Further Taxon Concept discussion at the wrap-up meeting on Wednesday
Notes made by Brent Mishler (Webb did not attend)
- We first distinguished the taxon name problem from the much harder taxon concept problem – amazingly, even many workers in biodiversity informatics don’t appreciate the difference. The two problems are basically orthogonal to each other.
- Taxon names are technically specified only for type specimens – a particular type bears the name given to it forever. Names are regarded as either accepted or as a synonym: the oldest type that falls within a given taxonomic hypothesis (i.e., taxon concept) is the accepted name, other types that fall in the concept are synonyms.
- Taxon concepts are scientific hypotheses about the circumscription of a given taxon. Due to rules in the current codes of nomenclature, a given name can refer to many concepts if there is scientific controversy about circumscriptions. And, different names can refer to the same concept if there is scientific controversy about which types go where.
- Thus every use of a taxon name needs a sensu statement attached to it – meaning “this name is being used in the sense of X taxonomist.” It would be relatively simple to institute such a system going forward, by requiring people to state such in publications. But we have a huge legacy issue with millions of specimens in databases with no sensu statement. Even worse is the millions of sequences in Genbank attributed to a taxon with no sensu statement and no voucher specimen cited!! The literature is also full of such situations, making the interpretation of text mining difficult.

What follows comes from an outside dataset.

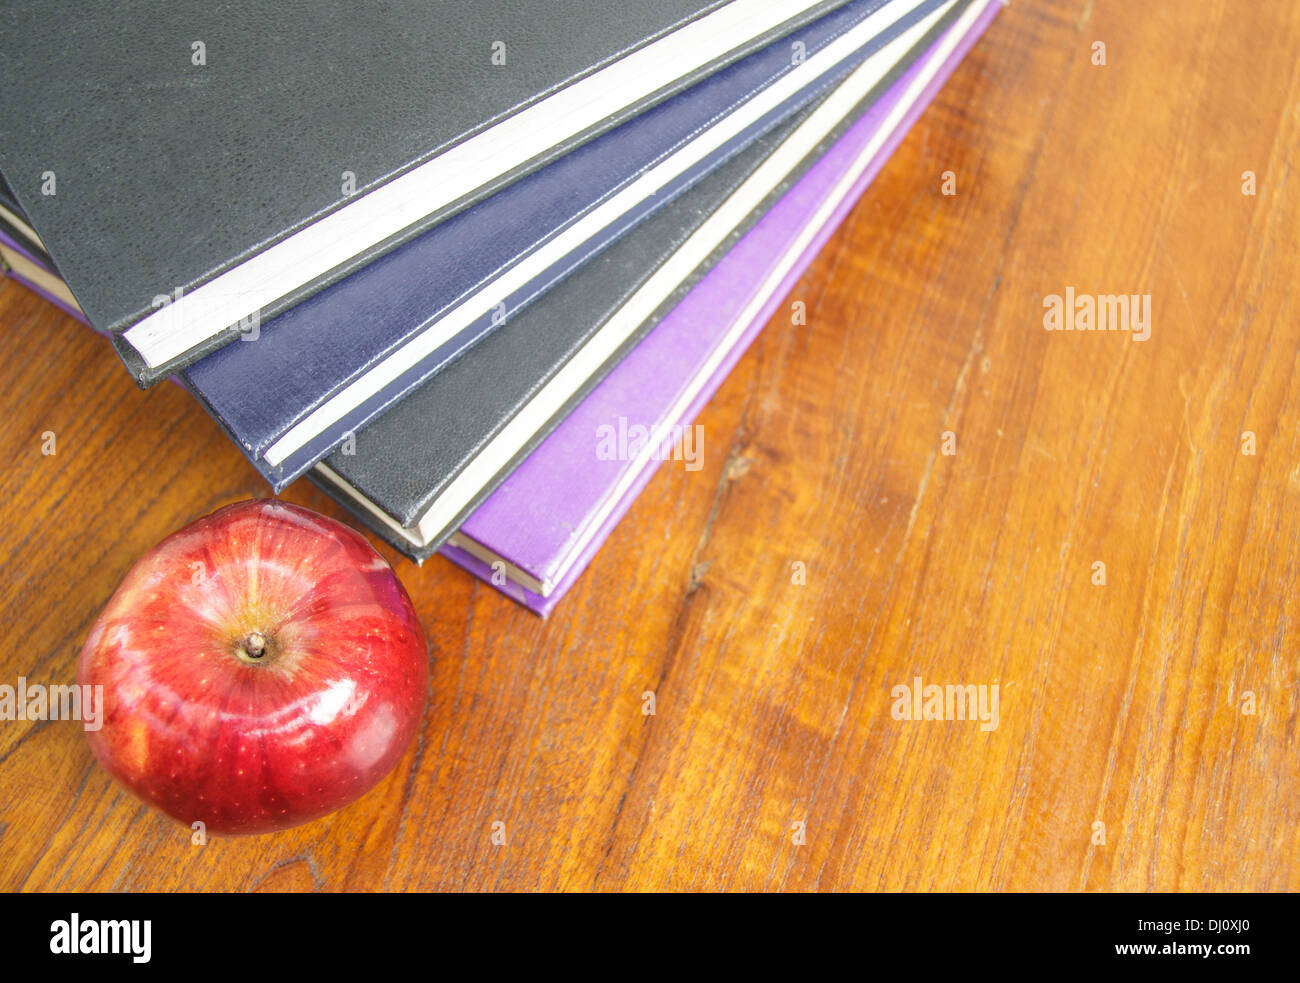 red apple and old books on wooden table top Stock Photo
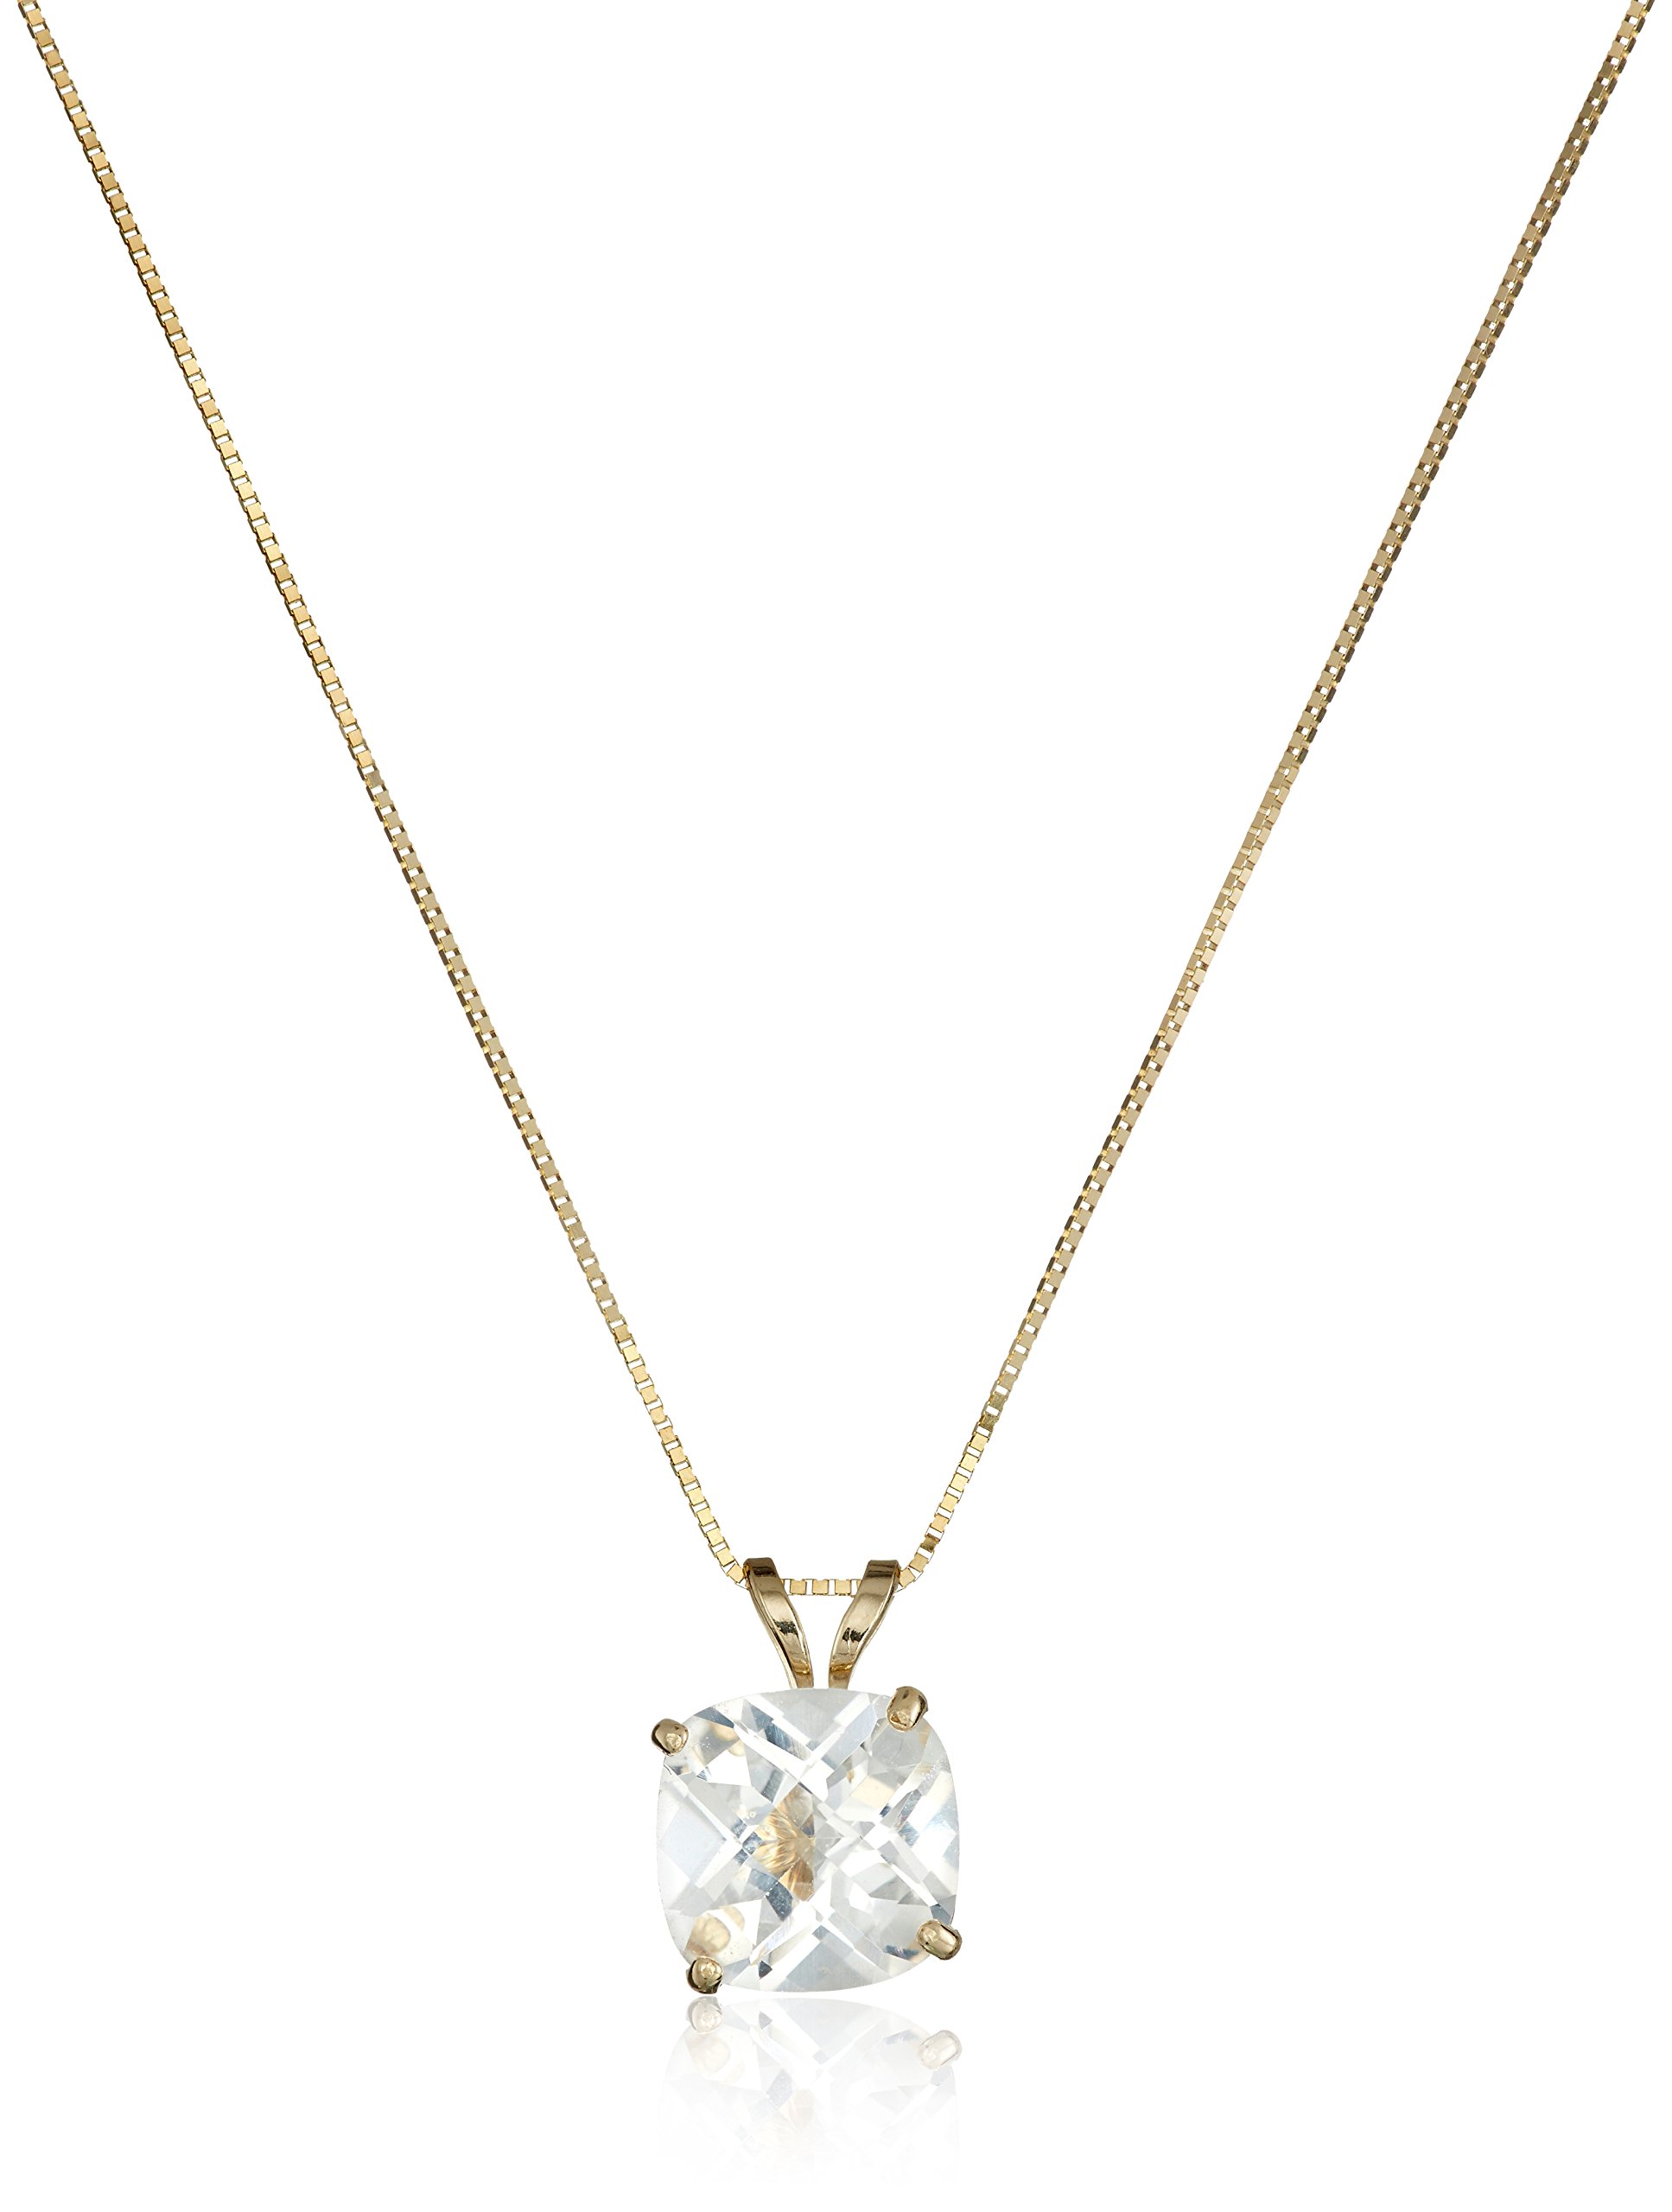 Amazon Collection 14k Gold 8mm Gemstone Pendant Necklace for Women with 18 Inch Box Chain

- We need to find a way to at least tentatively assign legacy data to a sensu statement. This is quite difficult because of the many ways concepts can relate to each other. Cam Webb gave a good talk at this meeting on developing schema to relate concepts. But even with such mappings, we still need to decide which specimens should be assigned to which concept. Ideas that have been raised to approach the latter problem include:
- Date the identification was made (in hopes that there was a uniformly accepted concept at that time – certainly not always true).
- An assessment of the diagnostic characters of the specimen (assuming the taxonomist presented such, and that they can be seen in a specimen image).
- Using the specimens known to have been identified by the author of the concept, via annotation history, as a “gold standard” representing her/his taxon concept. This could possibly be combined with the preceding approach by using image processing to find other specimens that match the gold standard. At minimum, users wanting only correctly identified specimens (according to a particular concept) could restrict themselves to the gold standard specimens, perhaps expanding the set of specimens by including those identified by experts who are trusted to be using a particular concept (the “silver standard”).
- Using geographic location in the many cases where taxon splits have resulted in allopatric distributions of segregates (e.g., west and east of the Sierra).
- The PhyloCode, to be published soon (https://www.ohio.edu/phylocode/) could solve a number of these issues going forward in the future, but many of the legacy problems will remain.
- Berendsohn, W. G. (1995) The concept of “potential taxa” in databases. Taxon, 44: 207-212.
- Franz, N., Peet, R. K., and Weakley, A. (2008) On the use of taxonomic concepts in support of biodiversity research and taxonomy. In The New Taxonomy (edited by Q. D. Wheeler), volume 76 of Systematics Association Special Volume, pp. 61-84. Chapman & Hall, London.
- Koperski, M. (2000) Referenzliste der Moose Deutschlands: Dokumentation unterschiedlicher taxonomischer Auffassungen. Number 34 in Schriftenreihe für Vegetationskunde. Bundesamt für Naturschutz, Bonn, Germany.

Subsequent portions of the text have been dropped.